- _The task_:
Please repeat, exactly as written, the line containing "HILUX_OM_OM0K513E_(EE)" and every line after it through the end of the records below.
START Raw data
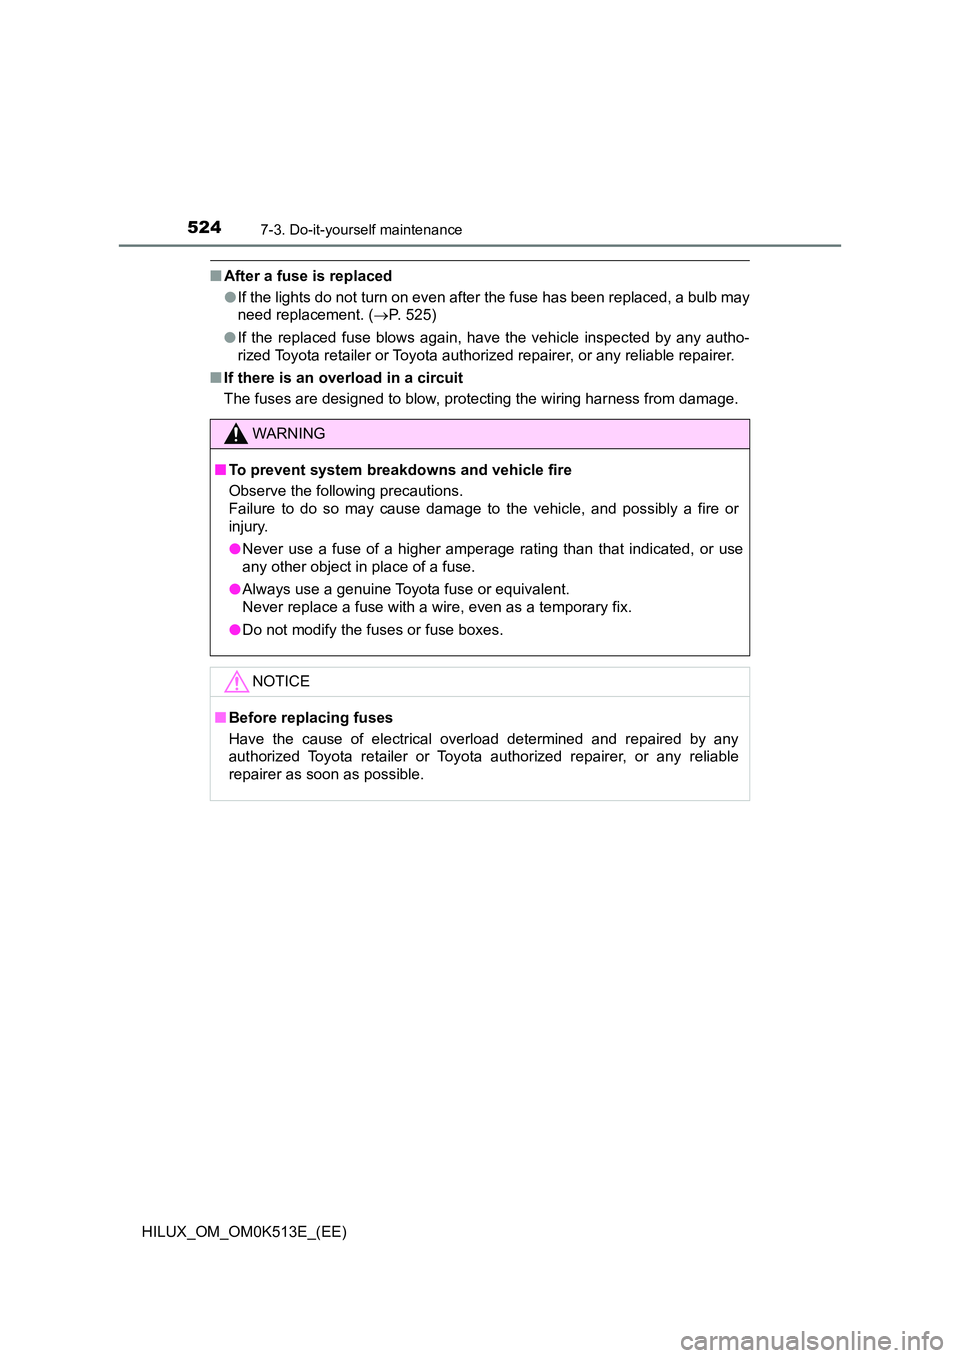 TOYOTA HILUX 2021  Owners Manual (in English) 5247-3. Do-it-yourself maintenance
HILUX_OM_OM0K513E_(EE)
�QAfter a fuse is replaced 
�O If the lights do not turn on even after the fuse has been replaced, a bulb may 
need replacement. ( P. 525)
END Raw data
- _Answer section_:
HILUX_OM_OM0K513E_(EE)
�QAfter a fuse is replaced 
�O If the lights do not turn on even after the fuse has been replaced, a bulb may 
need replacement. ( P. 525)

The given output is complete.